Operator guy has HAD ENOUGH. Time for Major Cigar to tell us what's going on here!

He explains that there are no hostages (much less his daughter lol) and that they were gonna drop the nukes once the Freedom Finger arrived at the Chinese base where the hostages supposedly were. So no going in to rescue anyone, just wipe everything out.

The engineer protests this and gets hauled out by Krang's Stone Soldiers MPs.

Next stage is directly battling the Chinese fleet to get to the moon base. These ship designs make no sense!

The Comrade returns (since I spared him) and now he has a Death Star.

This fight is hilariously obnoxious, and goes full bullet hell (with lots of very obvious large openings, at least).

Then the bullets basically turn into a level. Tremendous.

Inside the ship is another level, culminating with a battle against the Comrade and his giant gun.

This is the only time in the whole game that I got anything other than a B rank, and judging from Youtube videos I've watched, everyone gets an S rank on this level.

With the Comrade defeated, Major Cigar explains why it's so necessary to nuke the Chinese moonbase: Cock Sauce. They're producing Cock Sauce there, and using it to infiltrate America with their pro-CCP indoctrination.

I don't care if it IS delicately spicy, By God we have to do something! ...how is Cock Sauce the key to infiltrating America, you ask? Don't ask questions! Do you want the terrorists virus CCP to win?

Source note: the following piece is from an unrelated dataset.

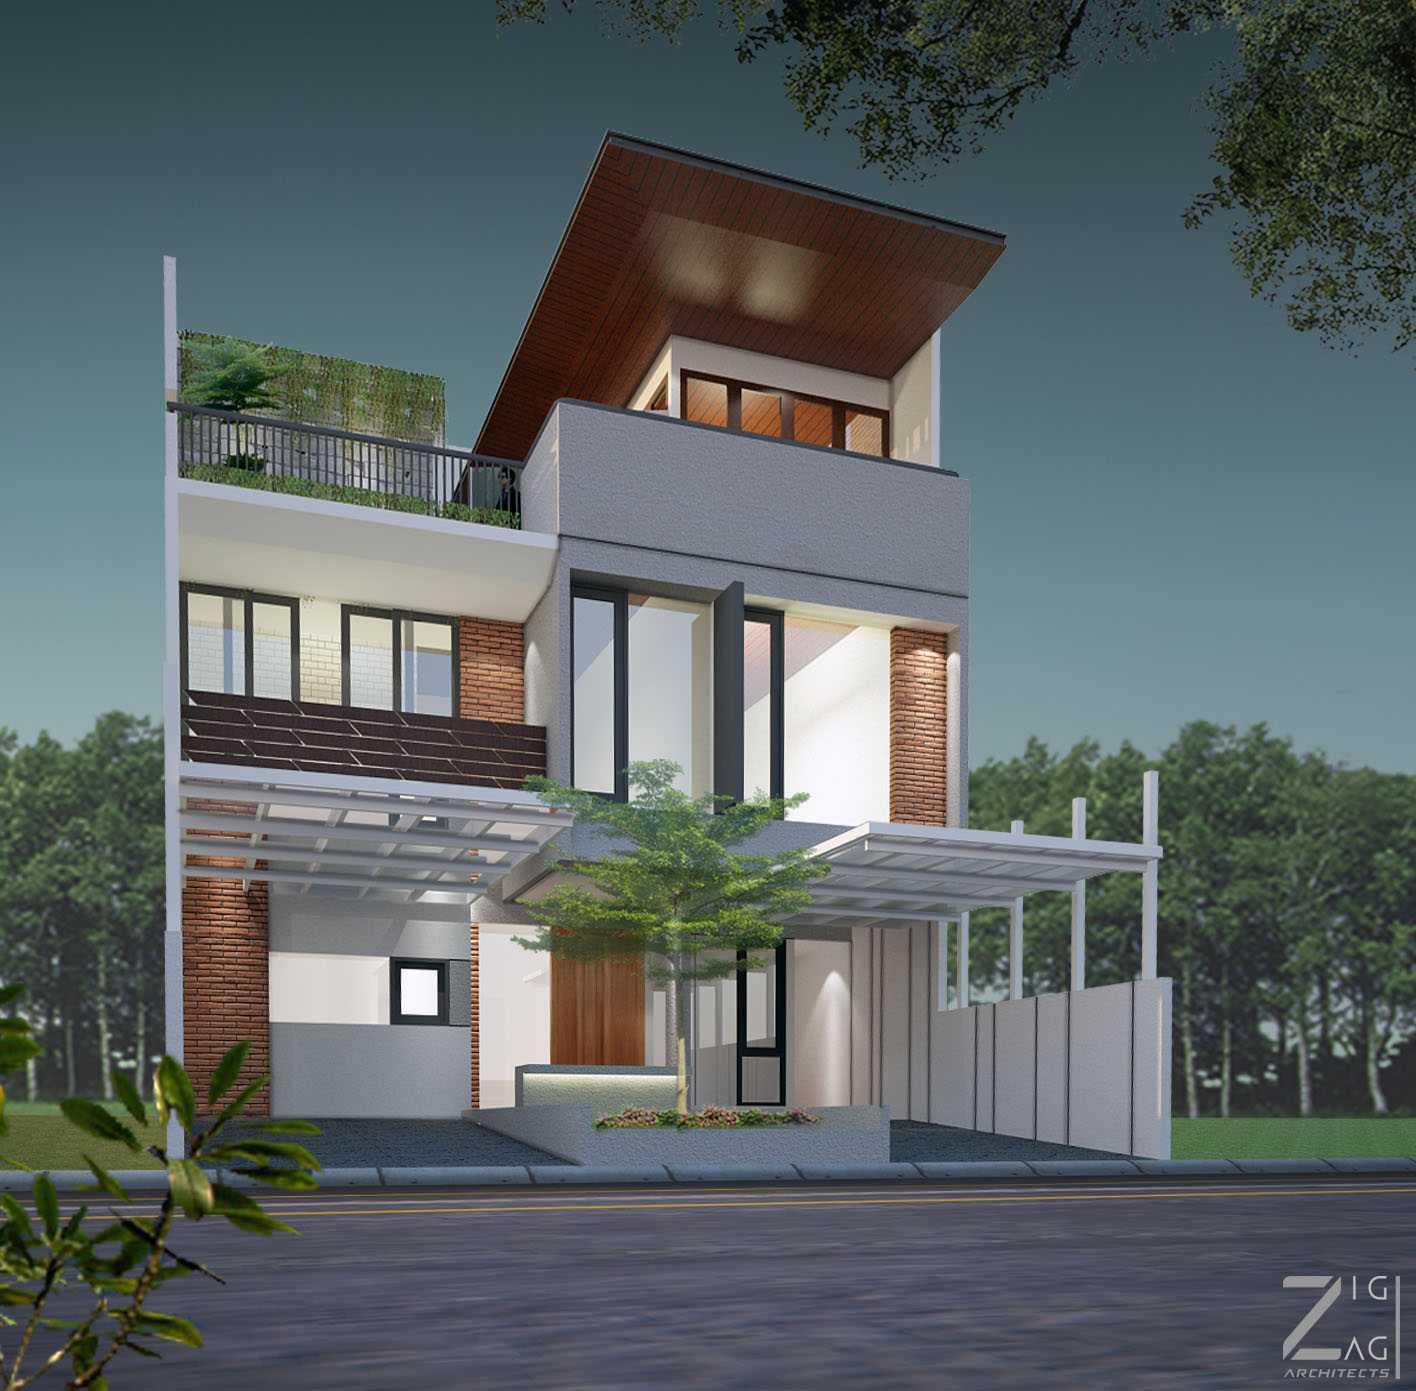 Zigzag Architecture Studio Pulomas House Daerah Khusus Ibukota Jakarta, Indonesia  04-1  37597
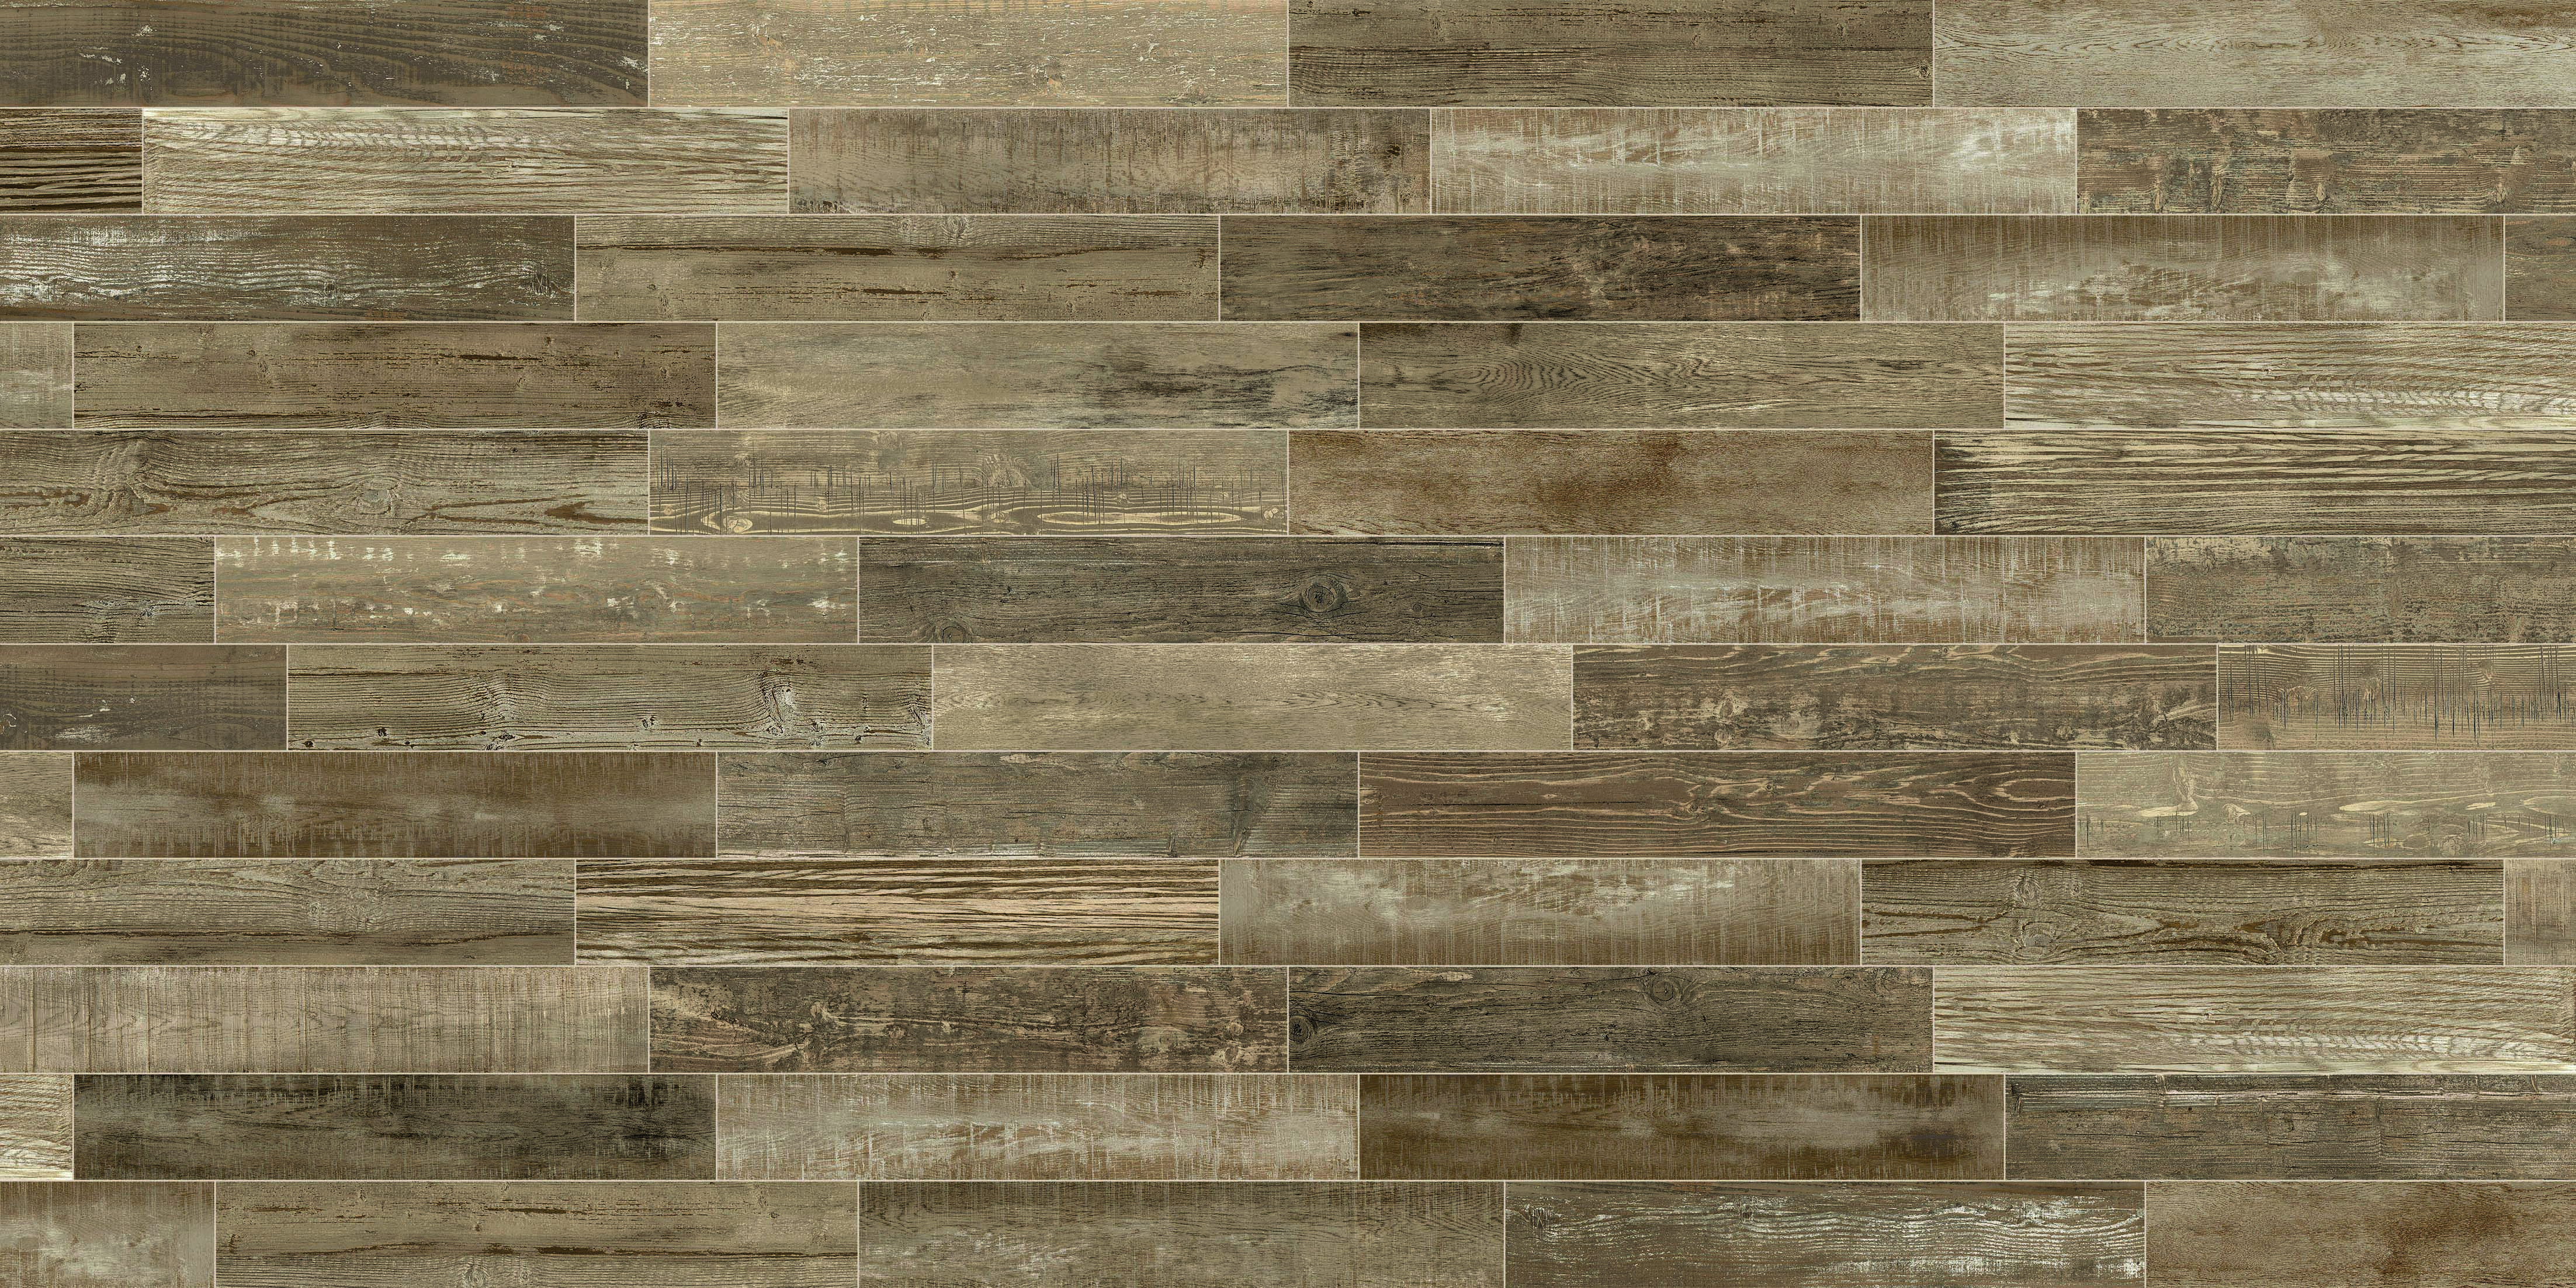 italgraniti-scrapwood-iederverwertetem Holz-vintage-metalloptik-rost

Arriving at the moon base, it's time to NUKE THE MOON. But first, I have to fight past the Chinese moonbase air defenses, including a giant robot in a food box.

Finally I arrive at the Cock Sauce Factory and obliterate it! China's schemes are foiled! No more spicy Cock Sauce in America's restaurants, thus preventing China from... wait why did we do this again?

Now we get one of the most meta endings I've ever seen. Our hero takes a ride down a long road as we see newspaper headlines about his victory.

The destruction of the moonbase triggered WW3, as if everything we did already here wasn't enough.

Don't worry everyone, according to CNN they were mostly peaceful, and also totally justified. Don't worry about people who lost their home or business, they "have insurance"

Then we see some pills and beer fly by. Yeah, I get what they're saying here.

And finally this thing flies by.

And that's where the game ends. Daaaamn. I thought this would be a joke game, but it turned out it had a lot to say. Most of it requires reading between the lines. It's actually incredibly subversive, and a send-up of, well, all of the bullshit that we get fed, and the repercussions.

Gameplay-wise there are also a number of alternate routes and secrets to discover. It's fun enough to play through a few times looking for those secrets, which is the important part. For being like a $4 game, this thing punched way above its weight. 8 out of 10, no joke.

The soundtrack is hit-or-miss, but sometimes it's really good, like this Aesop Rock track. Aesop Rock did a lot of the music for this game, and was involved with some of the stage artwork too. Note how the cadence of the action follows the music. Every stage is like that.

Also recorded the first 40 minutes or so of gameplay while giving first impressions, see it in action. Re-iterating that this game turned out a lot better than what we were expecting right off the bat.